15 December, 2009

Pavel "Call me comrade " Tsatsouline and Kettlebells without the testosterone.


Pavel Tsatsouline is a product but one nonetheless that has had a massive impact on spreading kettlebell training in the US. You can't get very far into kettlebell-ing without tasting Tsatsouline's style of teaching.Humorous. Strict. Mocking.. all rather pretensious I guess, but there is a lot of method  in his approach that you have to respect.

When you decide to seriously address Kettlebell lifting -- "Girevoy Sport" in Russia. -- you gotta read/watch  what Tsatsouline has to say. You'll be much better for it.

The big vogue in the United States is real grunt training driven by Cross Fit fanatics and the macho edge of "New Warrior" systems.
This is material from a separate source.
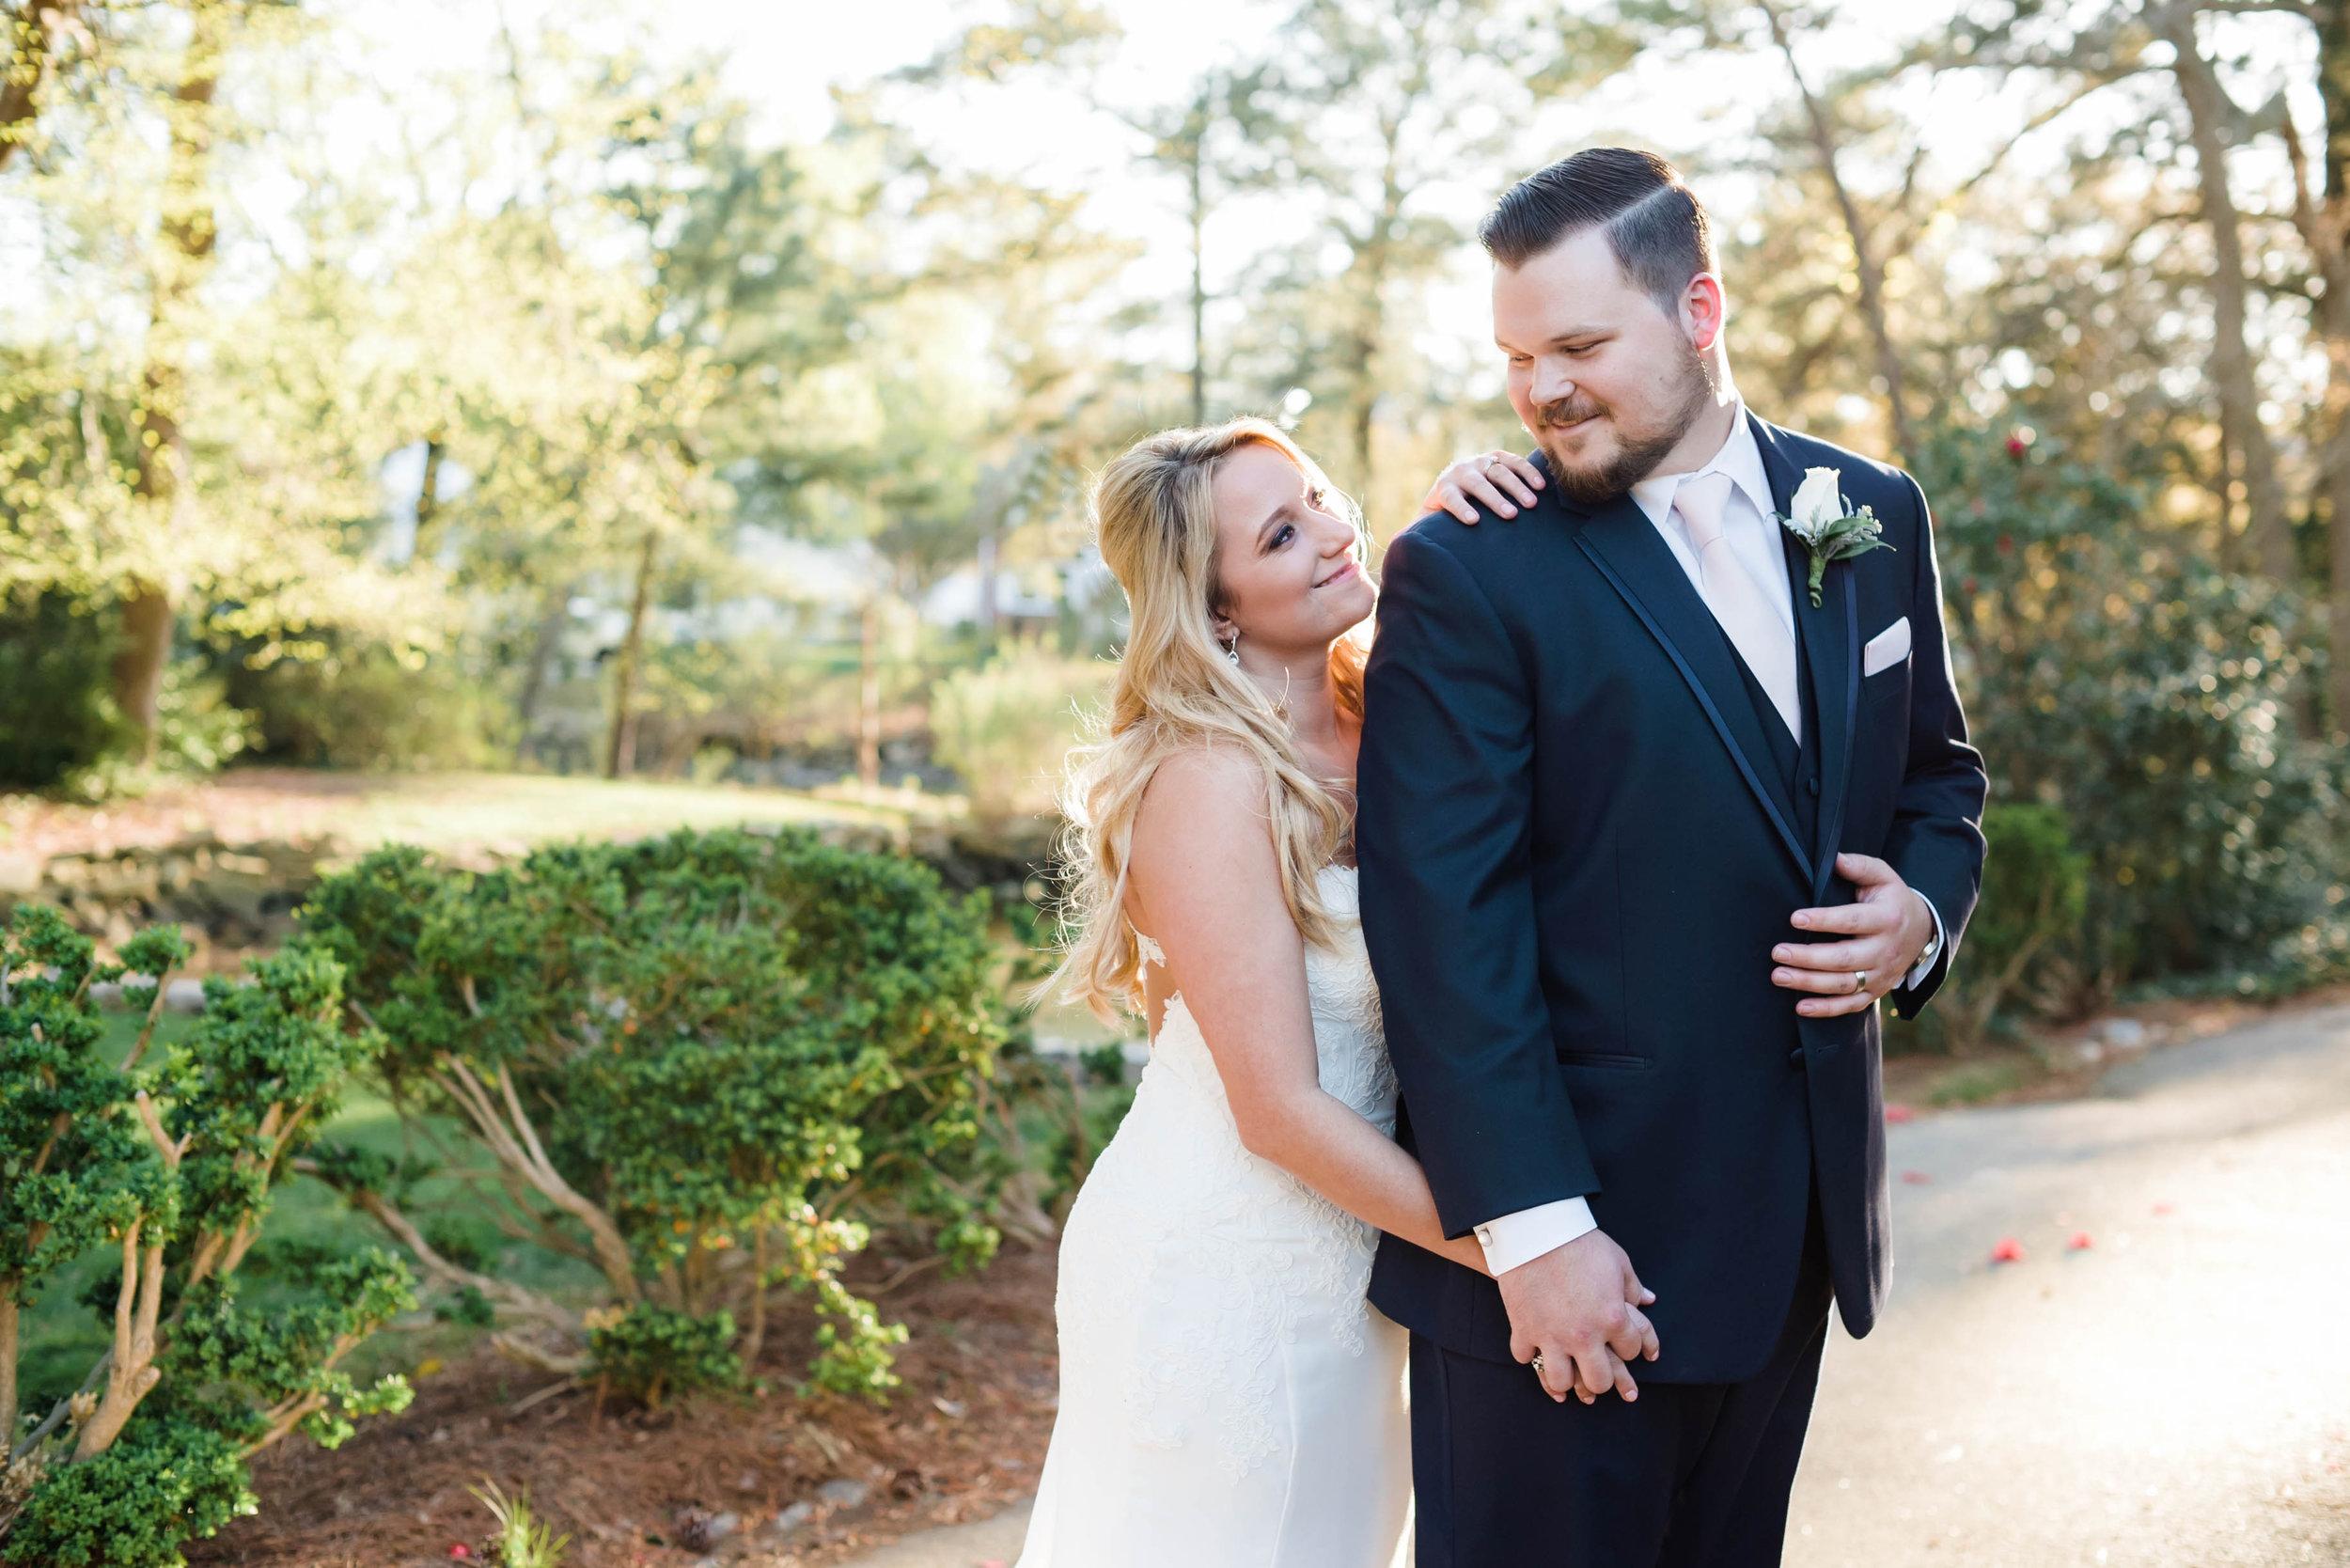 Will Hawkins Photography, Virginia Wedding Photographer, Virginia Beach Wedding Phootgrapher, Destination Wedding Photographer (283 of 506).jpg
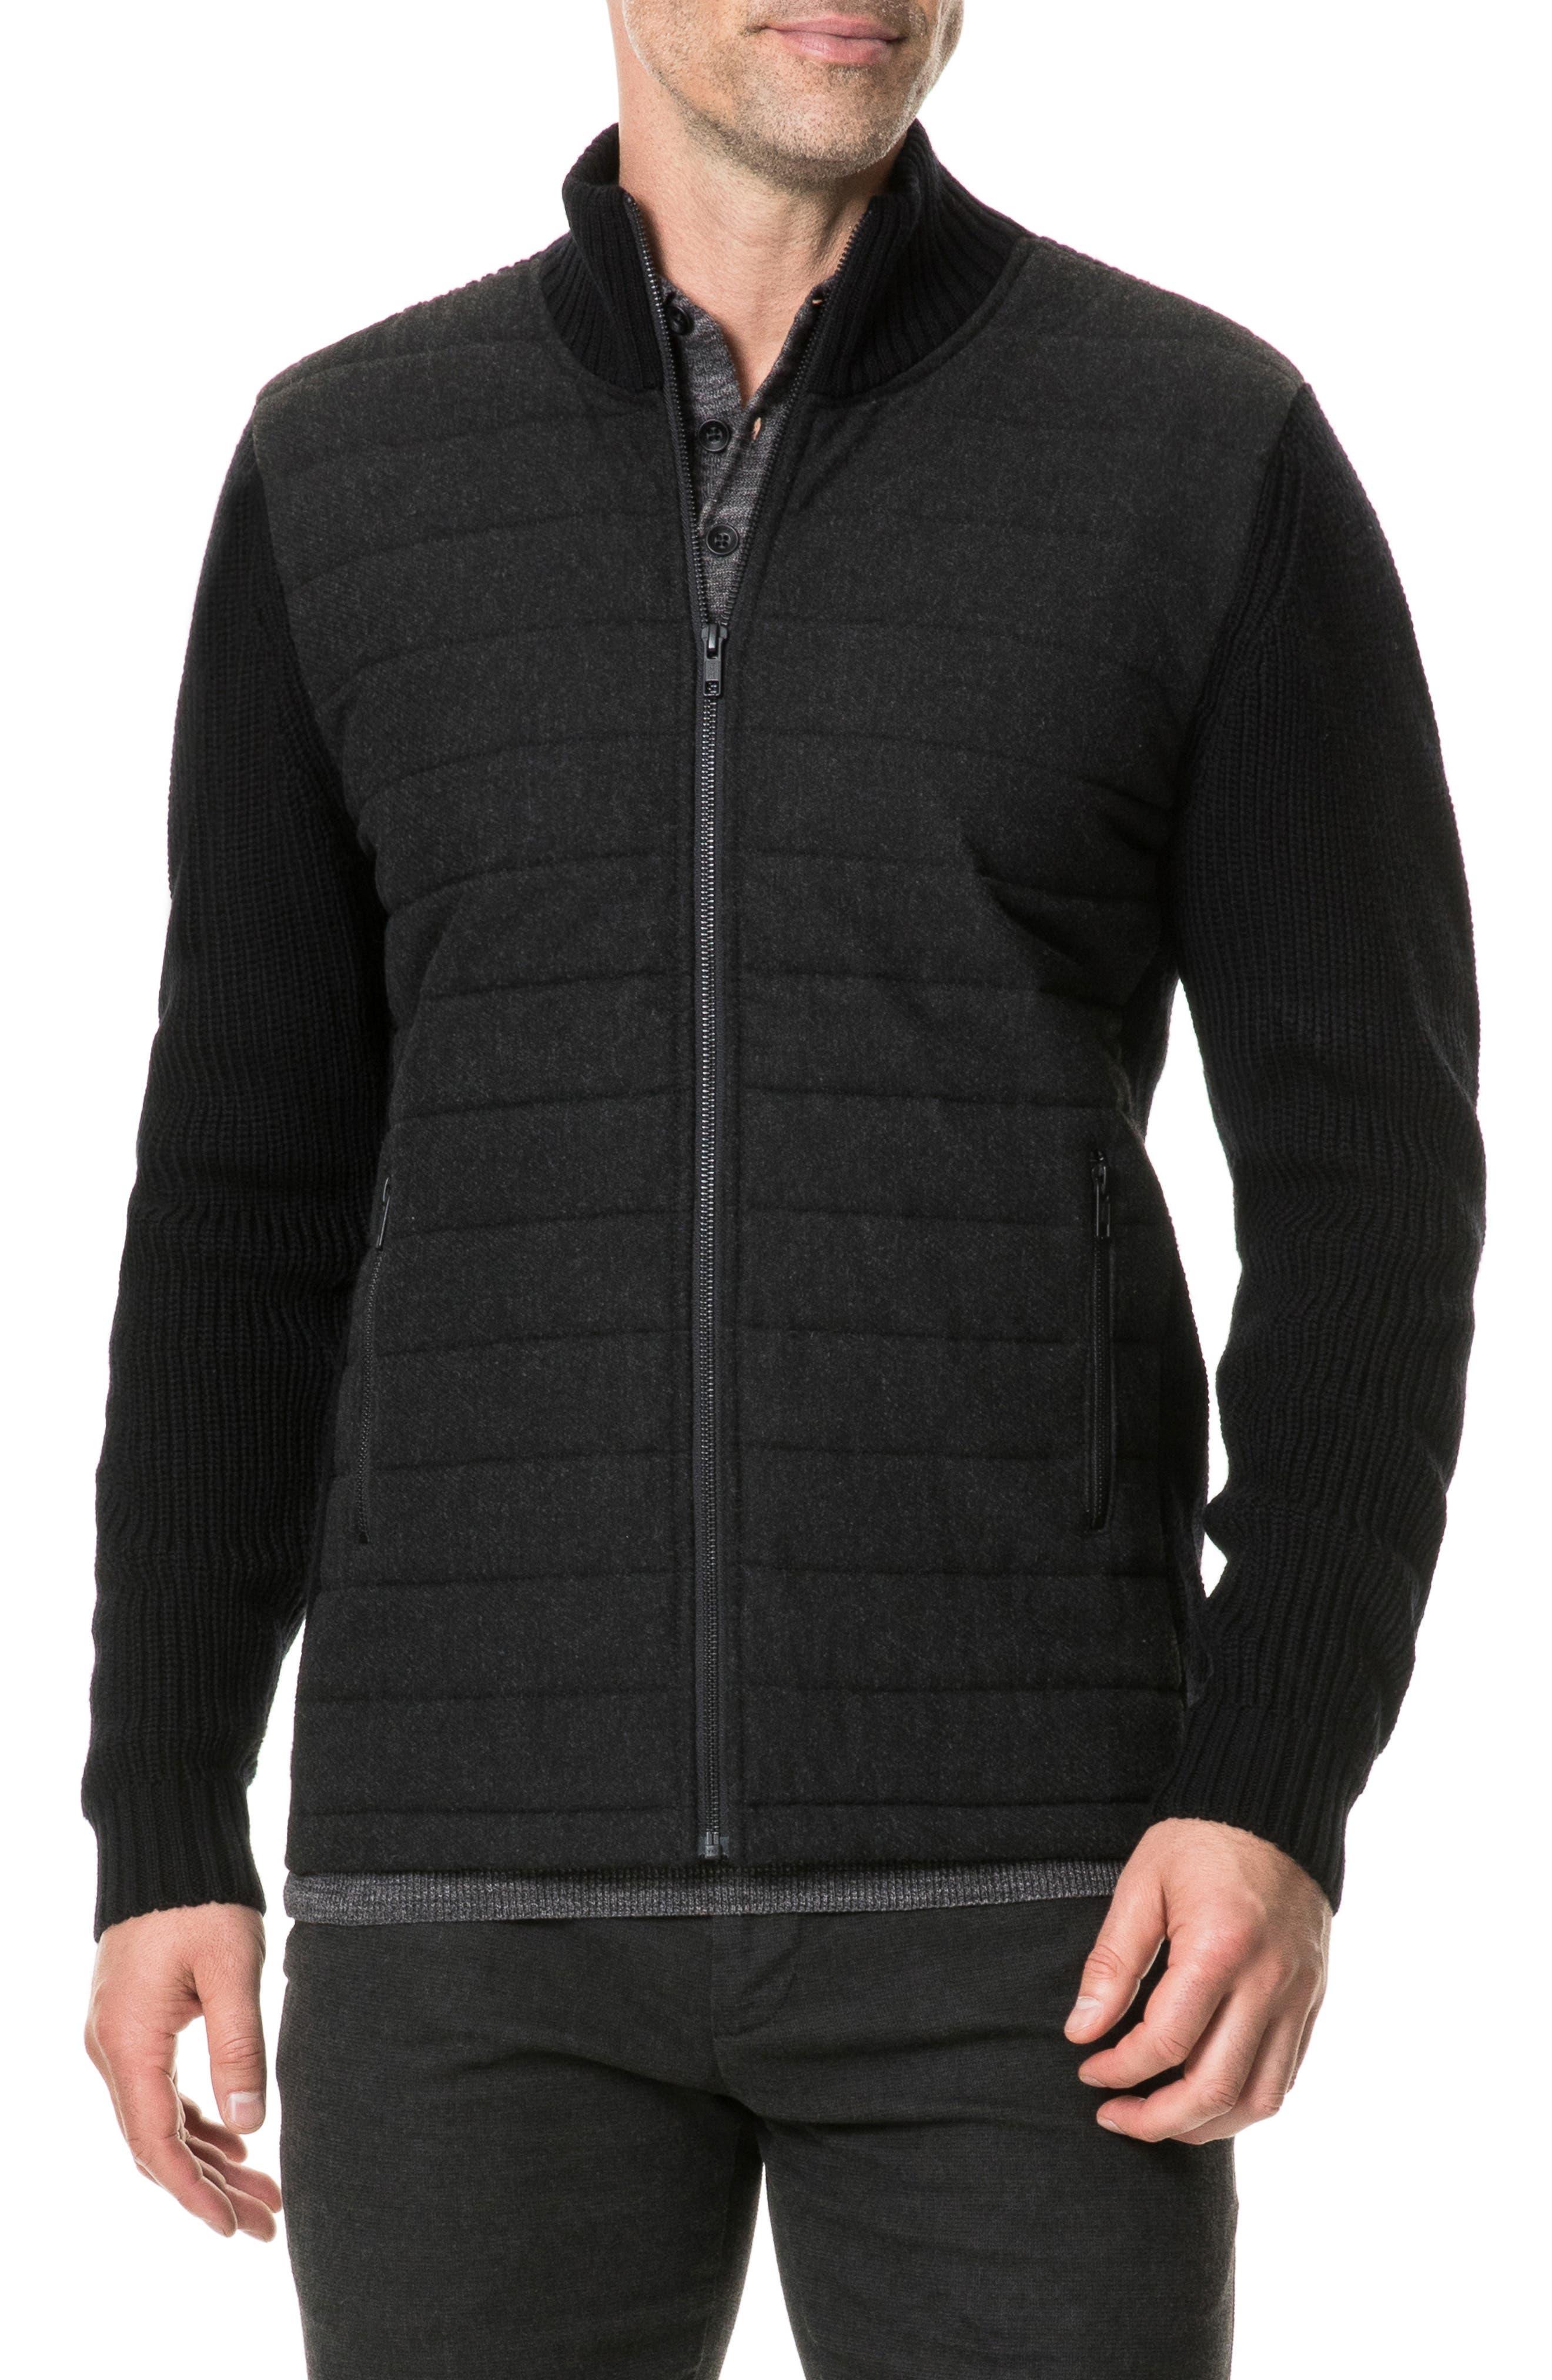 Greerton Regular Fit Zip Sweater,                             Main thumbnail 1, color,                             ONYX

All very militaristic and something that Tsatsouline, with his Russian army background, panders to.

While the  kettlebell is now also being marketed with a softer and a feminine edge -- a branding change -- the discipline with which it was promoted by leading practitioners  like this guy, ensures that

every little element of the exercise or sport is scientifically addressed.

Outside the approach taken with some martial arts forms the conscious physiological and  kinetics focus that are base line kettlebell training is almost unique. What may seem a very simple exercise -- lifting or swinging  12, 16 or 23 kilograms on the end of your arm -- is used as an excuse to review and improve core aspects of everyday body mechanics.

However, despite the machismo rhetoric, Tsatsouline also suggests through his ready use of anecdotes that Girevoy Sport is  mass peoples activity in Russia at least -- going back centuries. (Read more at Old Time Strongman Blog)That appeals to me --.  machismo pretension  and marketing aside. Unfortunately with all the adolescent hype that is laid upon the KB its' hard to work out what the popular sports culture was like.


But it's clear that you don't have to get into it so deeply that you have to up the anti week in week out and be the best lifter your testosterone can mange.I like kettlebells because I'm naturally a good lifter but I can vary the exercise workout by varying weight, pace, number of reps and intensity to suit where I'm at that day. I'm no KB hero, but as a workout the bells rock. The irony is that the more you work at it the less lifting you have to do and your routine can become shorter rather than longer to attain a sustainable workout  level in reps and weight. And if you do it right -- lift right -- and consciously -- your overall statue, posture and movement will improve in the same way that a martial arts -- such as Tai Chi -- changes you overall.